## Directions for this task
Pictures aside, reproduce exactly and only the lines below, starting at the one containing "Traditional sterling silver" and ending at the last line.

## Data provided
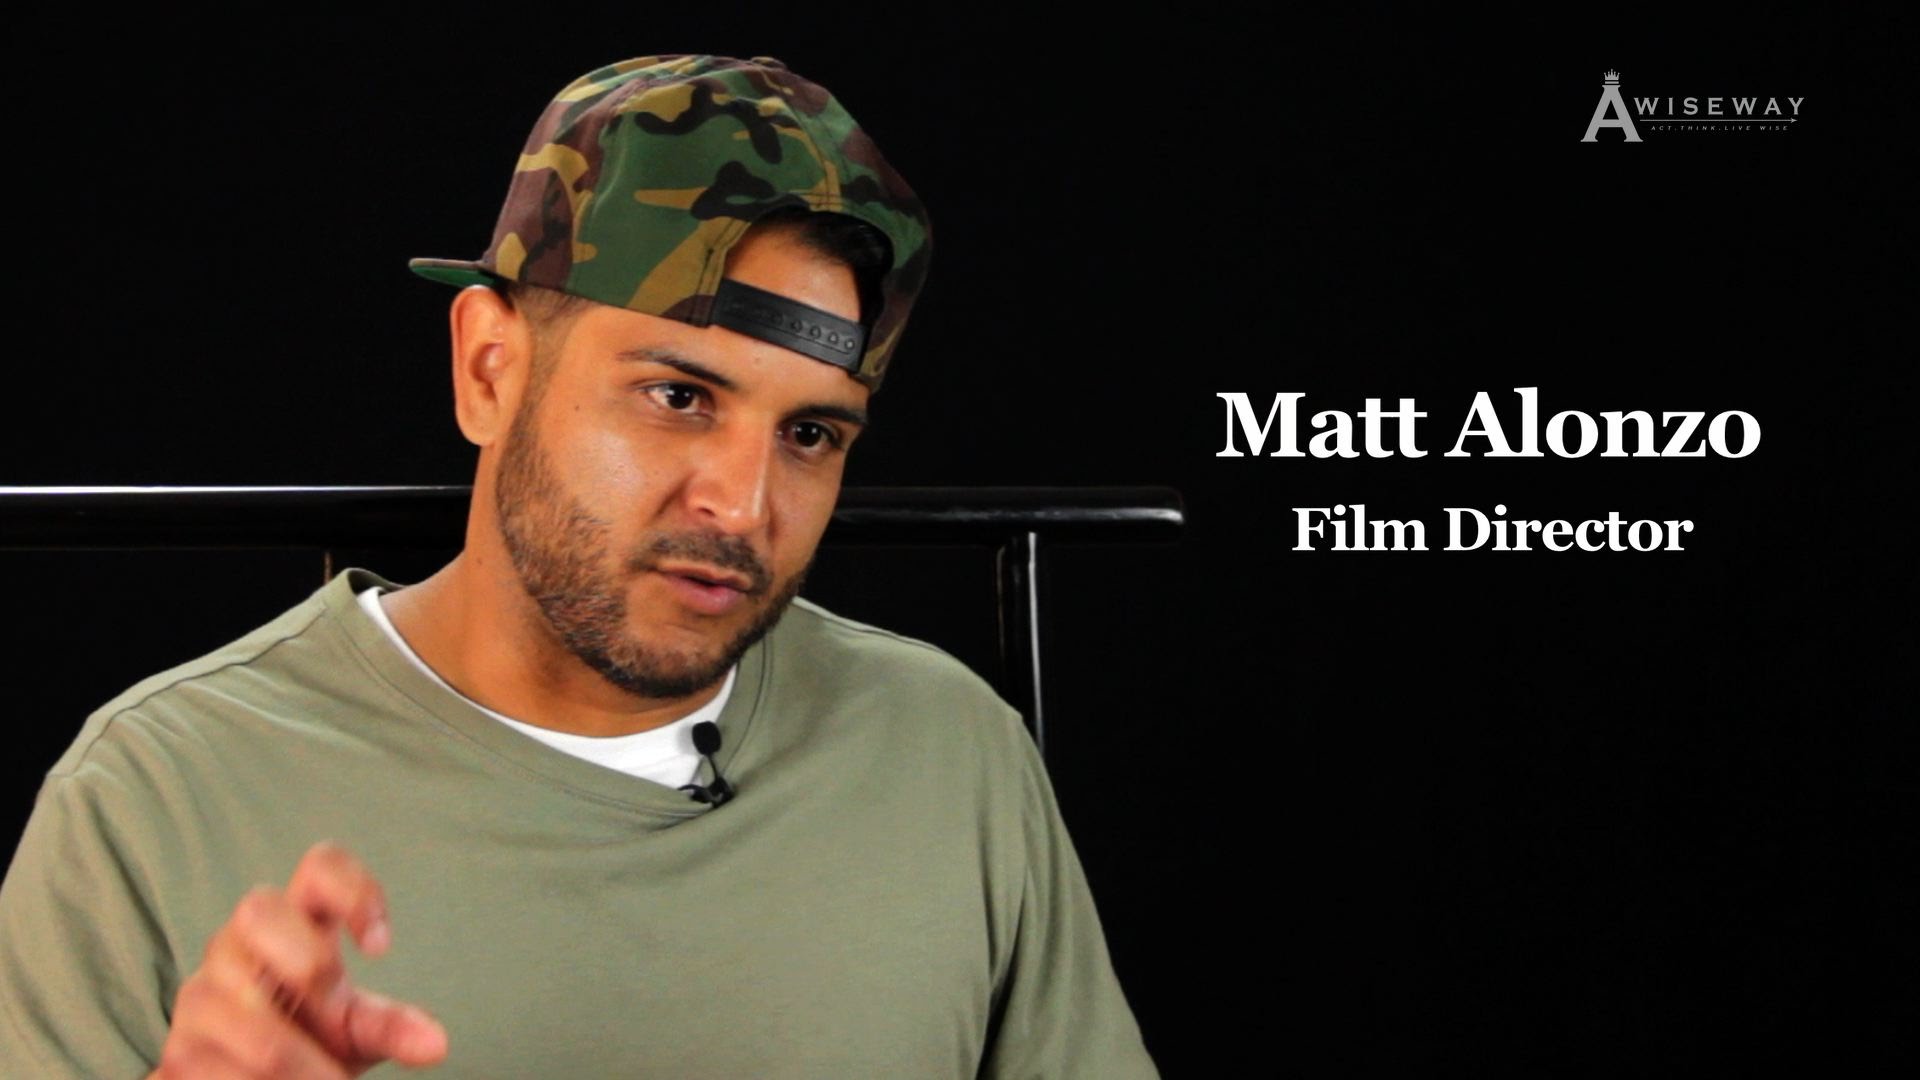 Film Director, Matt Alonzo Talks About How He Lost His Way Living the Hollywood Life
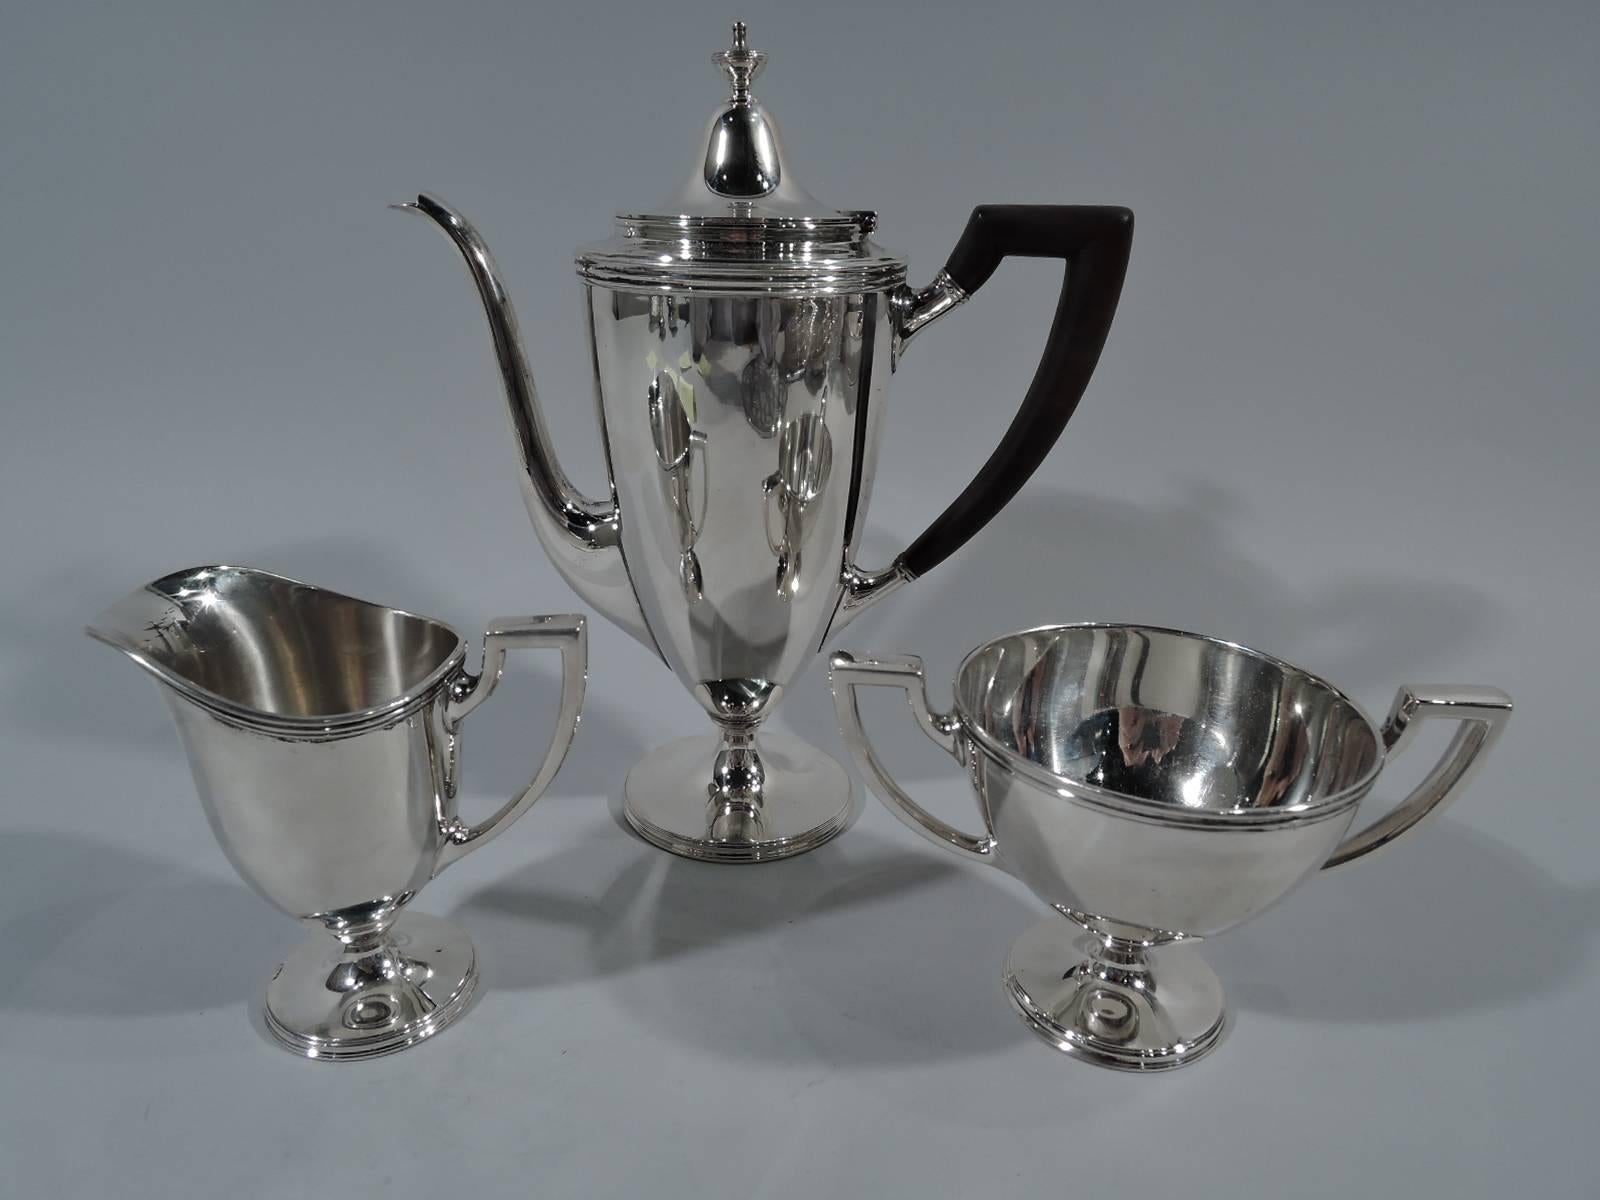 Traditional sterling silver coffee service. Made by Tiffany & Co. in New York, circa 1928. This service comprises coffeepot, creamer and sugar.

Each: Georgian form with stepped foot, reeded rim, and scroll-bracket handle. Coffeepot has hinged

## Exercise result
 Traditional sterling silver coffee service. Made by Tiffany & Co. in New York, circa 1928. This service comprises coffeepot, creamer and sugar.

Each: Georgian form with stepped foot, reeded rim, and scroll-bracket handle. Coffeepot has hinged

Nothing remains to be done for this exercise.